Goal of the exercise: Two lines mark the range in the entries below: the one holding "Leggings - Women's" and the one holding "Overhandiging petitie met". Set down those two and all lines between them, exactly.

Dataset records:
↓↓↓
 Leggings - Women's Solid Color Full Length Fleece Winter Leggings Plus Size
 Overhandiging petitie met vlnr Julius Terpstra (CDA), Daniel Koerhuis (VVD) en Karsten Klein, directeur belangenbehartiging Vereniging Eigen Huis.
↑↑↑
↓↓↓
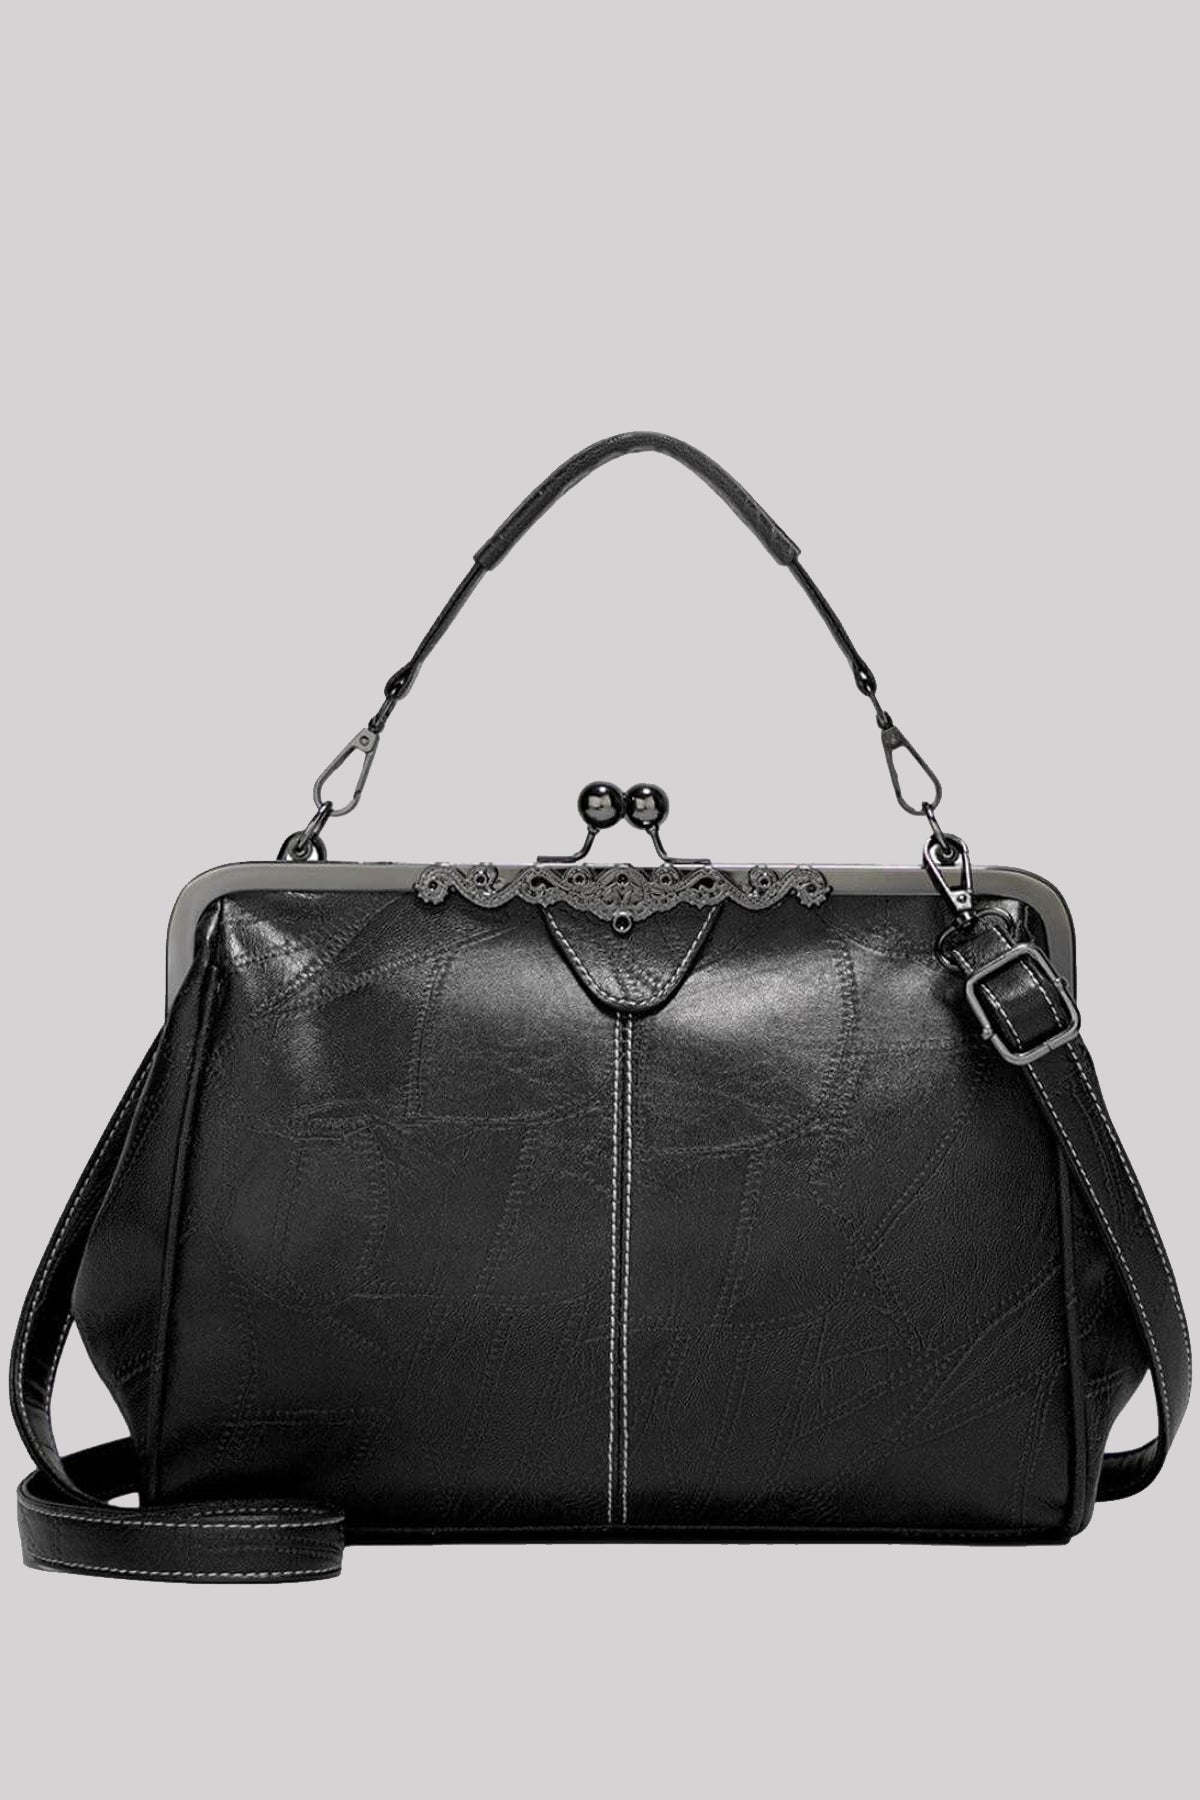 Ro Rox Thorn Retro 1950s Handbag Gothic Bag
↑↑↑
↓↓↓
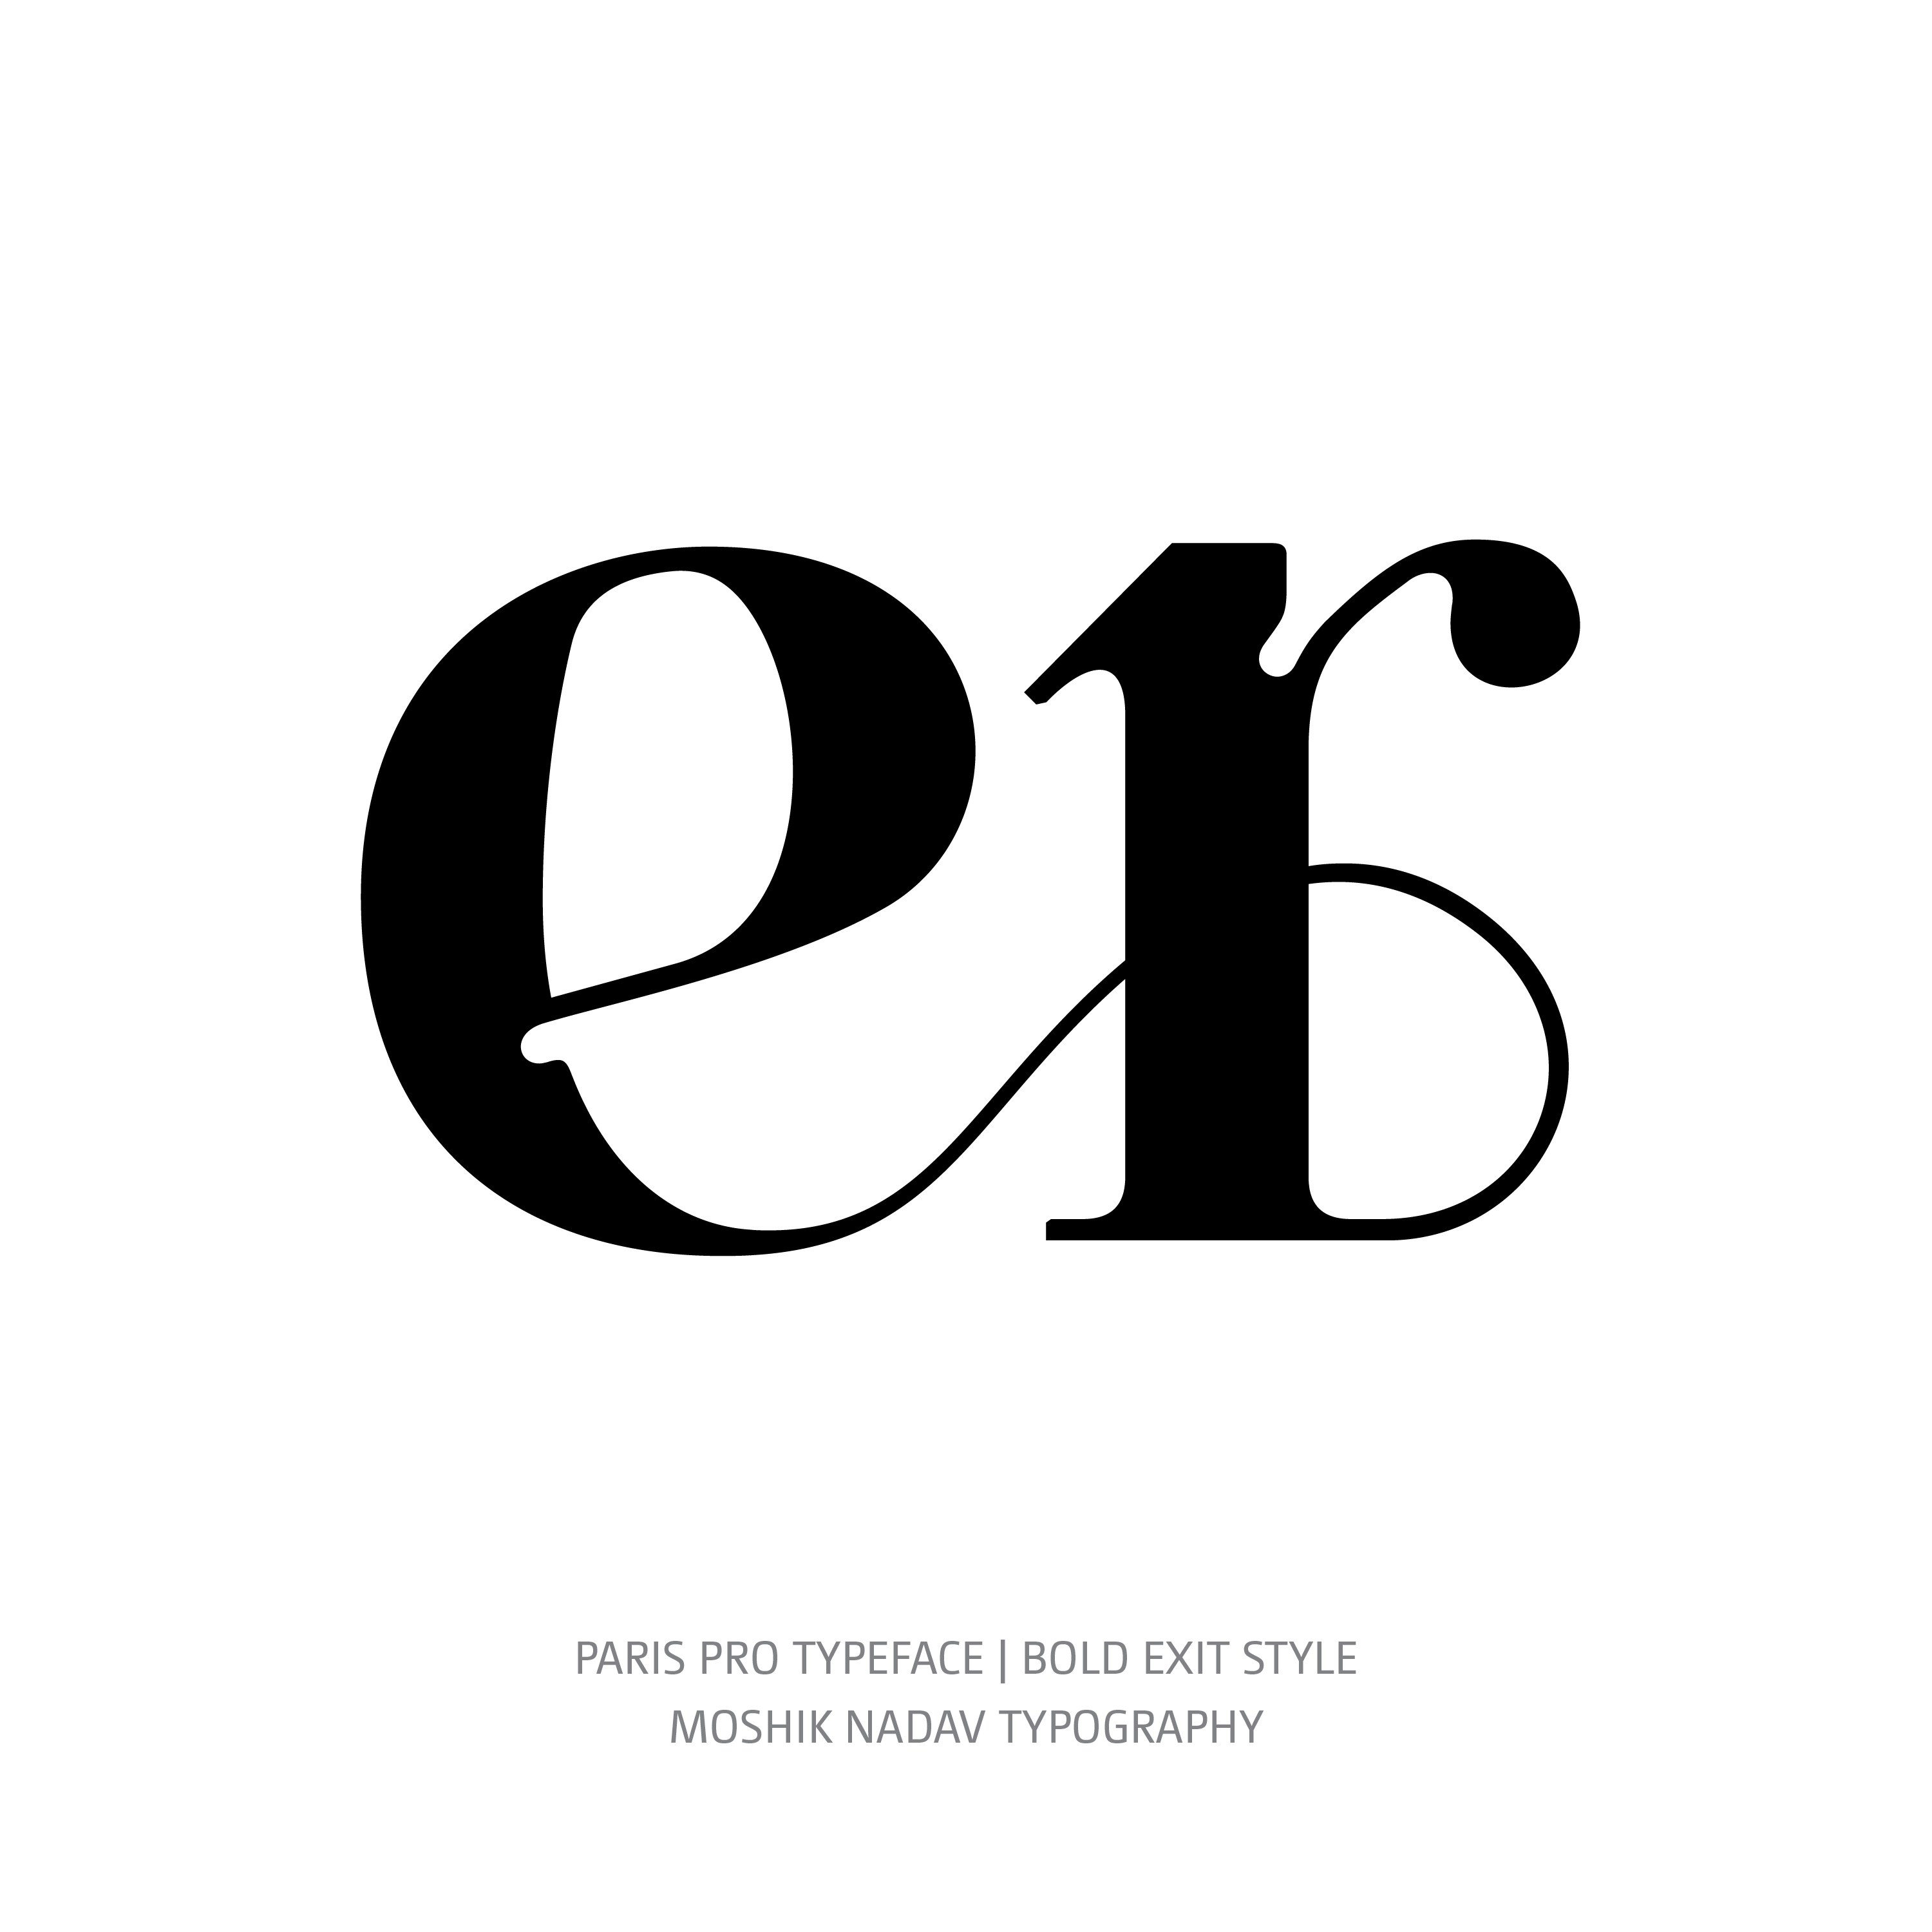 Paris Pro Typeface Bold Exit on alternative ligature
↑↑↑
Answer box:
 Leggings - Women's Solid Color Full Length Fleece Winter Leggings Plus Size
 Overhandiging petitie met vlnr Julius Terpstra (CDA), Daniel Koerhuis (VVD) en Karsten Klein, directeur belangenbehartiging Vereniging Eigen Huis.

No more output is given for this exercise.